While most teenagers in Plano, Texas were lining their bedrooms with posters of their favorite rappers, Joe Fulce was busy writing lyrics to one day be better than those mainstream artists.
While teenagers were out getting into trouble on the weekends, Fulce (currently a senior on the men’s basketball team) was staying up until 5 a.m. perfecting his beats.
And while some of his friends dropped out of school to try and make their dream a reality, Fulce took care of his schoolwork, which has led him to where he is today: an up-and-coming rapper.
Growing up, Fulce was passionate about music but considered it a hobby, believing that basketball would take him somewhere.
But in ninth grade, he got his first taste of true rap battling, when students took part in cyphers – the best rappers circling up and spitting their lyrics while percussionists in the school band made the beats on lunch tables for the freestyles – during lunch hours.
“Freestyle Fridays” at school showed Fulce he could be successful doing what his classmates were doing.
“It was one of those deals where I said, ‘I can do this too,’ and because I loved music so much, it was easy for me to catch the beats,” Fulce said. “A lot of people go to school to learn, but I learned it naturally from just being around it, and I guess that separated me.”
By 11th grade, Fulce no longer considered rapping just a hobby. His friends began making money off mixtapes they produced, and Fulce performed in a few of his friends’ homemade studios.
After working in friends’ low-budget studios, Fulce and his crew, Boys Makin’ Bucks (BMB), got their first taste of real production when they recorded their first mixtape in the back of a local thrift shop, Big T Bazaar. “Big T” liked what it heard so much that it didn’t even charge the group for the session.
It was then that Fulce began setting up shop in his own bedroom, starting out with a $12 computer microphone and bootlegged editing software, which he received from a friend.
Fulce learned to use the software on his own and put every penny he earned toward improving his bedroom-turned-studio. He was in charge of producing the mixtapes for his group and never once asked anyone for money.
Friends would come and go from Fulce’s house at all hours of the night, writing and recording whenever they could. BMB began putting out mixtapes that received plenty of positive feedback around the school and town. They became so popular they began putting out “diss tracks” about anyone who didn’t like their music.

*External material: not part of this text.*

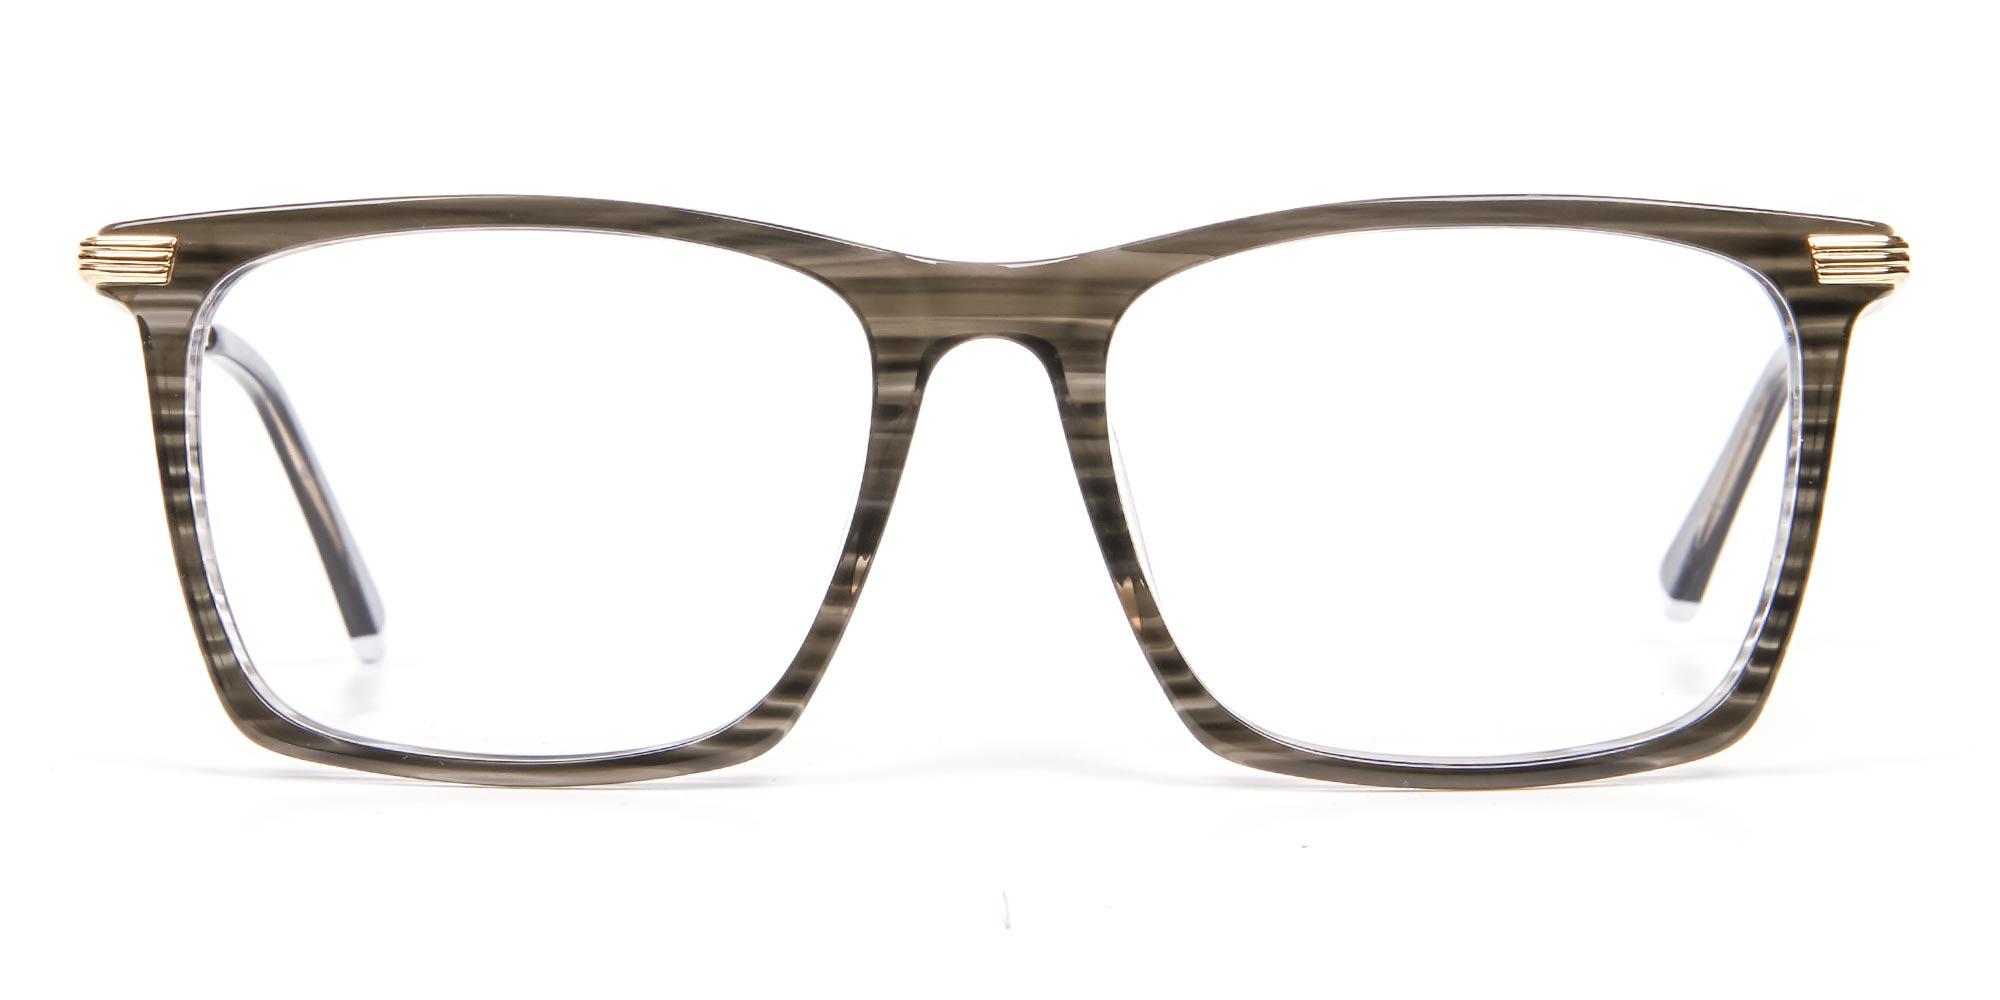 Black Wooden Textured Glasses

“We were literally embarrassing the worst people in our area, talking about (their) personal business,” Fulce said. “It became big enough to the point that we got a rise out of people, but at the end of the day it was all fun and games because it made them step their game up, too.”
Despite his success behind the microphone, long-time friend B.J. Block, who Fulce described as “like a brother,” said Fulce always kept his focus on school and basketball before trying to make a musical career.
“I always used to tell him to make sure he had his school and education in line, because the talent will be there,” he said. “That’s why I told him to keep going at it and to keep pursuing it.”
Fulce has come a long way since Freestyle Fridays, but said since his Marquette basketball career is over it’s time to focus on networking and getting his group’s name out.
“We have a really good, different sound,” Fulce said of BMB. “We’re from different areas, and even though we’ve all dealt with different things in our lives, we’re all on the same path.”